Ruiqin Zhong; Zheng-Hua Ye

doi:10.4161/15592324.2014.989746

. 2015 Mar 9;10(2):e989746. doi: 10.4161/15592324.2014.989746

The Arabidopsis NAC transcription factor NST2 functions together with SND1 and NST1 to regulate secondary wall biosynthesis in fibers of inflorescence stems

Ruiqin Zhong ¹, Zheng-Hua Ye ^1,^*

PMCID: PMC4622706 PMID: 25751728

Abstract

Transcriptional regulation of secondary wall biosynthesis in Arabidopsis thaliana has been shown to be mediated by a group of secondary wall NAC master switches, including NST1, NST2, SND1 and VND1 to VND7. It has been shown that VND1 to VND7 regulate secondary wall biosynthesis in vessels, NST1 and NST2 function redundantly in anther endothecium, and SND1 and NST1 are required for secondary wall thickening in fibers of stems. However, it is unknown whether NST2 is involved in regulating secondary wall biosynthesis in fibers of stems. In this report, we demonstrated that similar to SND1, NST2 together with NST1 were highly expressed in interfascicular fibers and xylary fibers but not in vessels of stems. Although simultaneous mutations of SND1 and NST1 have been shown to result in a significant impairment of secondary wall thickening in fibers, a small amount of secondary walls was deposited in fibers during the late stage of stem development. In contrast, simultaneous mutations of SND1, NST1 and NST2 led to a complete loss of secondary wall thickening in fibers. These results demonstrate that NST2 together with SND1 and NST1 regulate secondary wall biosynthesis in fibers of stems.

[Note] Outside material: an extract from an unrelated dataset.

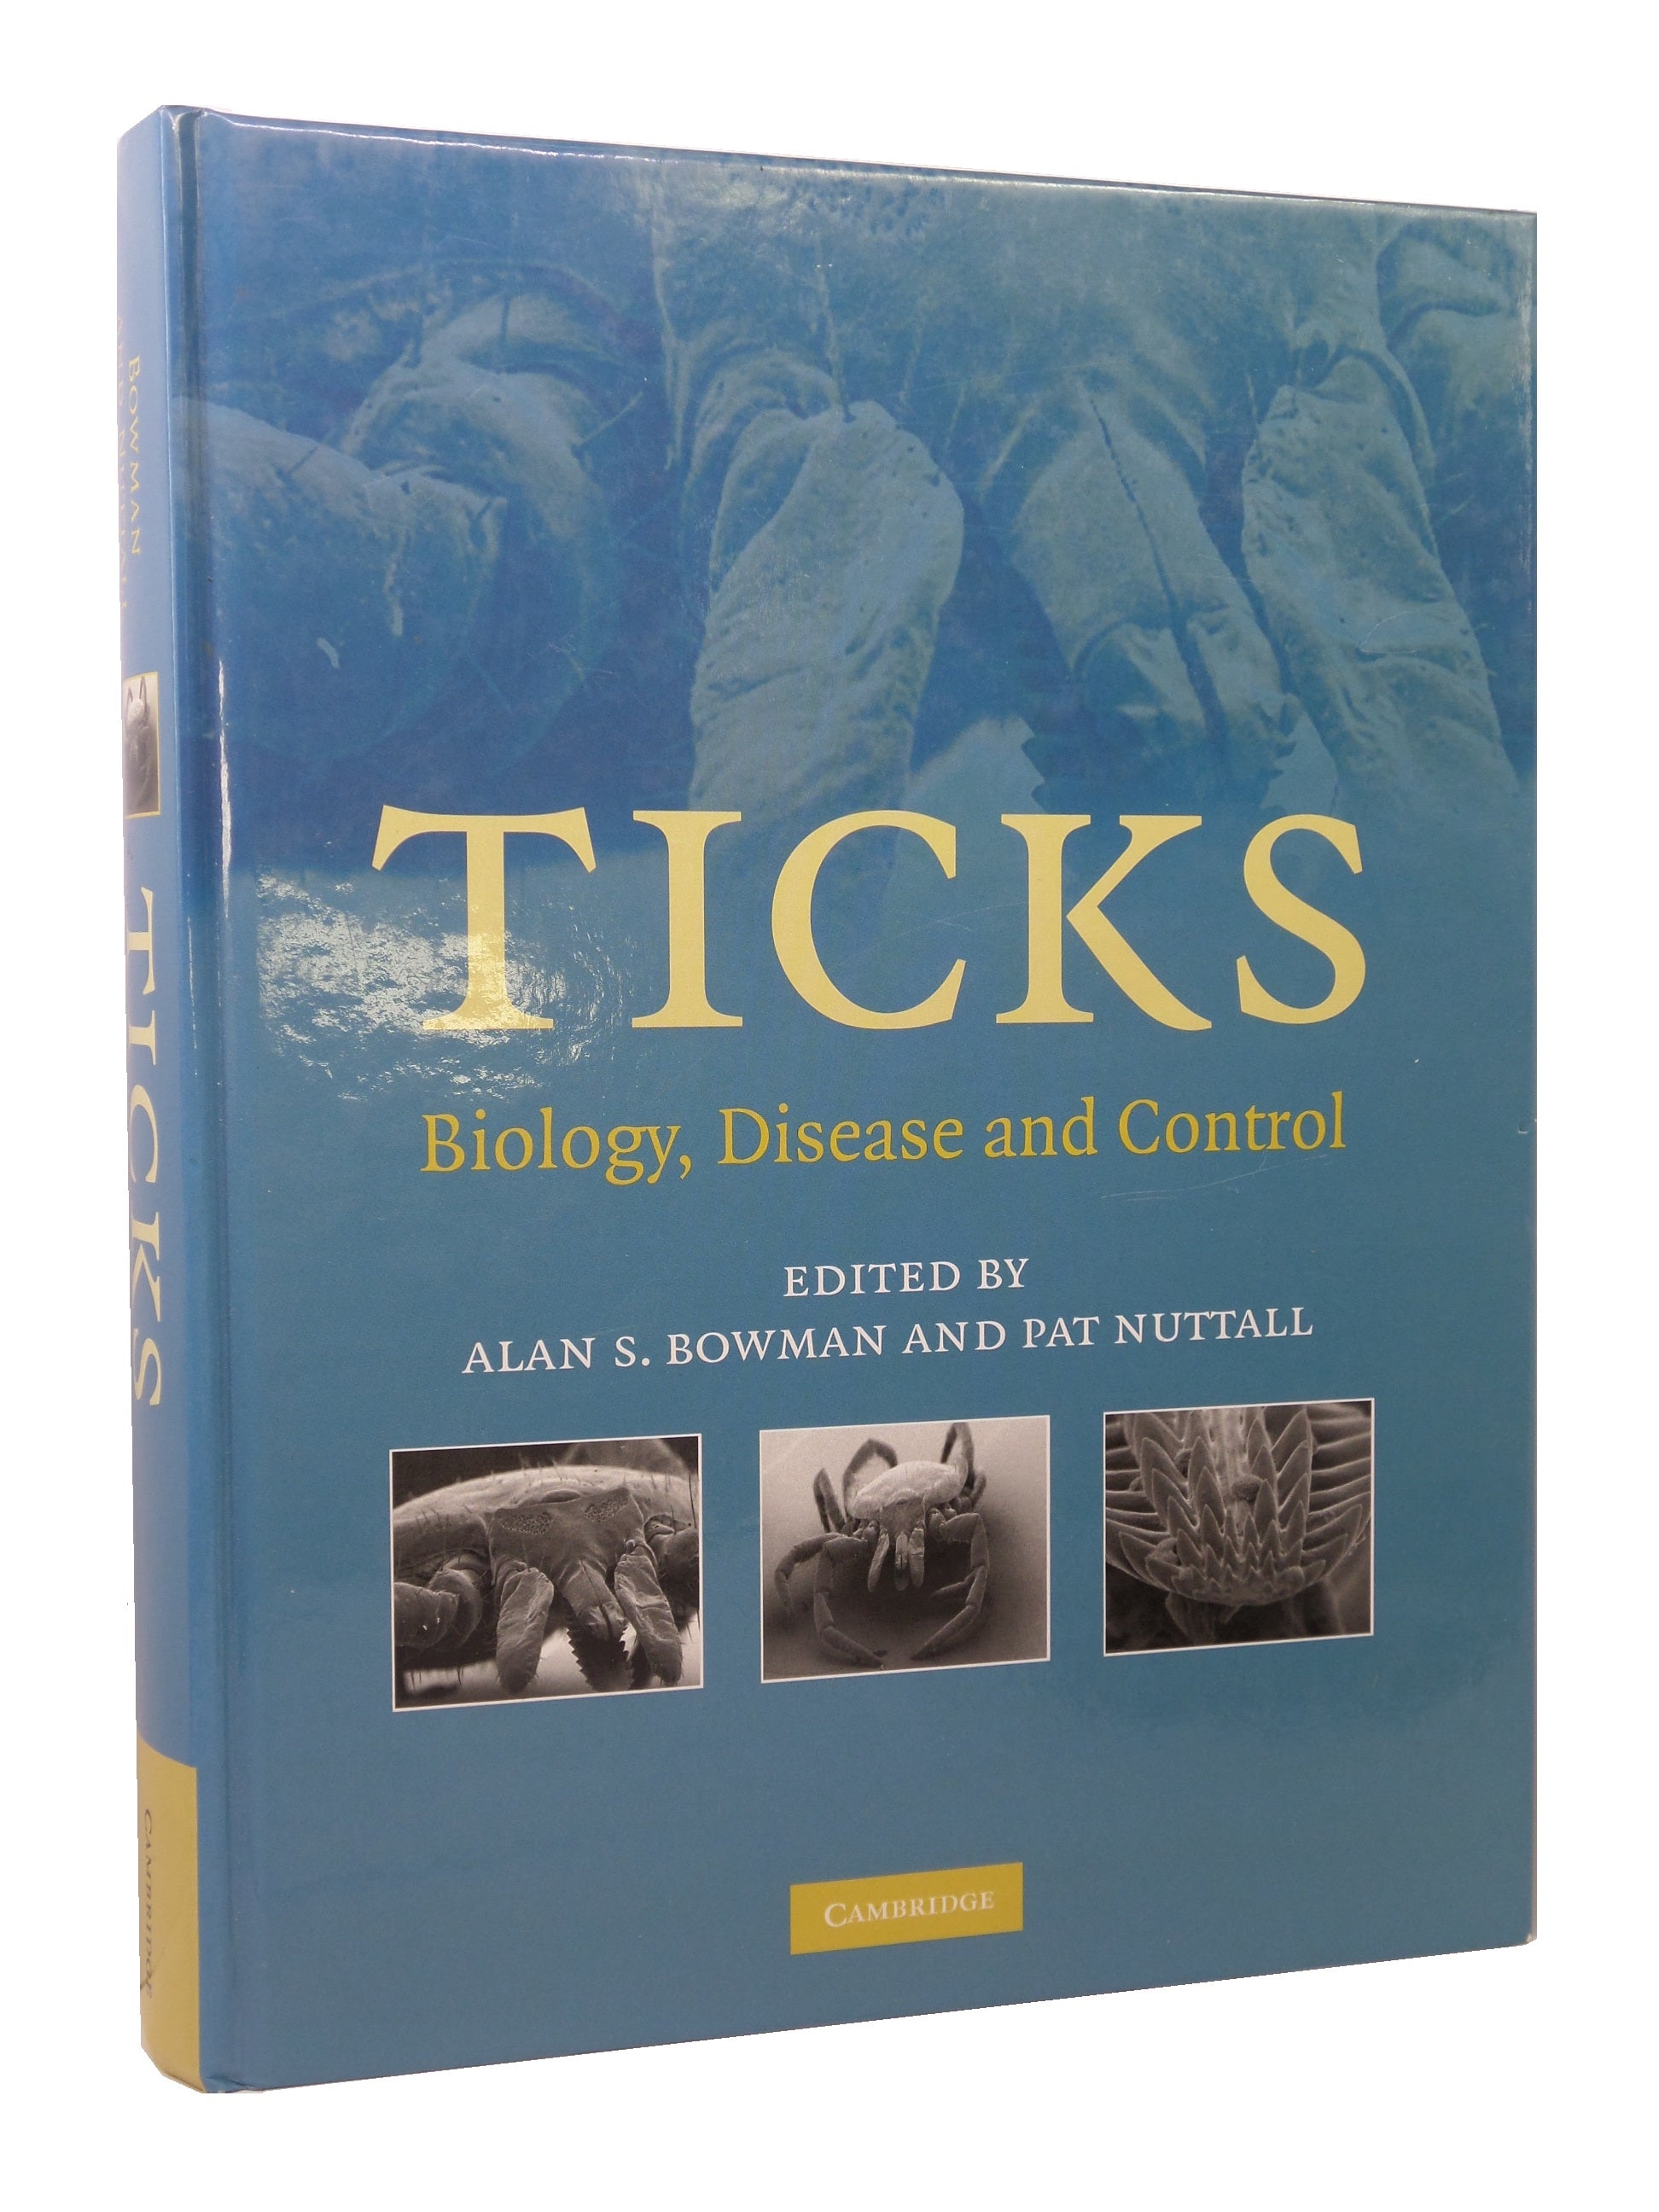 TICKS: BIOLOGY, DISEASE AND CONTROL EDITED BY ALAN BOWMAN 2008 HARDBACK

Keywords: Arabidopsis, NAC, NST2, secondary wall, SWN, transcriptional regulation

Introduction

Secondary walls are mainly deposited in tracheary elements and fibers of vascular plants, and they constitute the bulk of plant lignocellulosic biomass targeted for biofuel production.¹ Understanding how secondary walls are constructed will provide knowledge foundation for genetic modification of plant biomass tailored for biofuel production. Secondary walls in dicot species are mainly composed of cellulose, xylan and lignin, and their biosynthesis requires coordinate expression of the biosynthetic genes of these secondary wall components. Molecular and genetic analyses have revealed that the coordinate activation of secondary wall biosynthetic genes is mediated by a transcriptional network.² In this network, the top-level master switches, secondary wall NACs (SWNs), act together with the second-level MYB master switches to turn on the expression of downstream transcription factors and secondary wall biosynthetic genes. SWNs and secondary wall MYB master switches have been functionally characterized in a number of vascular plants and available evidence indicates that their roles in regulating secondary wall biosynthesis are evolutionarily conserved.^2-8

In Arabidopsis thaliana, 10 SWNs, including NST1, NST2, SND1 (also called NST3) and VND1 to VND7, have been shown to regulate secondary wall biosynthesis in various secondary wall-forming cell types. VND1 to VND7 are vessel-specific SWNs and their dominant repression causes a loss of secondary wall thickening in vessels.^9,10 NST1 and NST2 regulate secondary wall thickening in anther endothecium as their simultaneous mutations lead to a loss of secondary wall thickening in anther endothecium and an anther dehiscence defect.¹¹ SND1 and NST1 have been shown to control secondary wall thickening in interfascicular fibers and xylary fibers of stems^12-14 and in the valve endocarp layer and vascular bundles of siliques.¹⁵ It is currently unknown whether NST2 plays any role in regulating secondary wall biosynthesis in fibers of stems.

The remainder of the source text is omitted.